Try it - Using the records below, write out again exactly the lines that begin at the line containing "Studio Italia Design" and end at the line containing "Ryunosuke Miyaji Kun", and no other lines.

Data records -
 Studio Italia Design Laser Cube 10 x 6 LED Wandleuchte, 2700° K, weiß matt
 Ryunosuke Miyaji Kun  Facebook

...

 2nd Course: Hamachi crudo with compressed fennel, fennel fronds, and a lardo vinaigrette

Problem solution -
 Studio Italia Design Laser Cube 10 x 6 LED Wandleuchte, 2700° K, weiß matt
 Ryunosuke Miyaji Kun  Facebook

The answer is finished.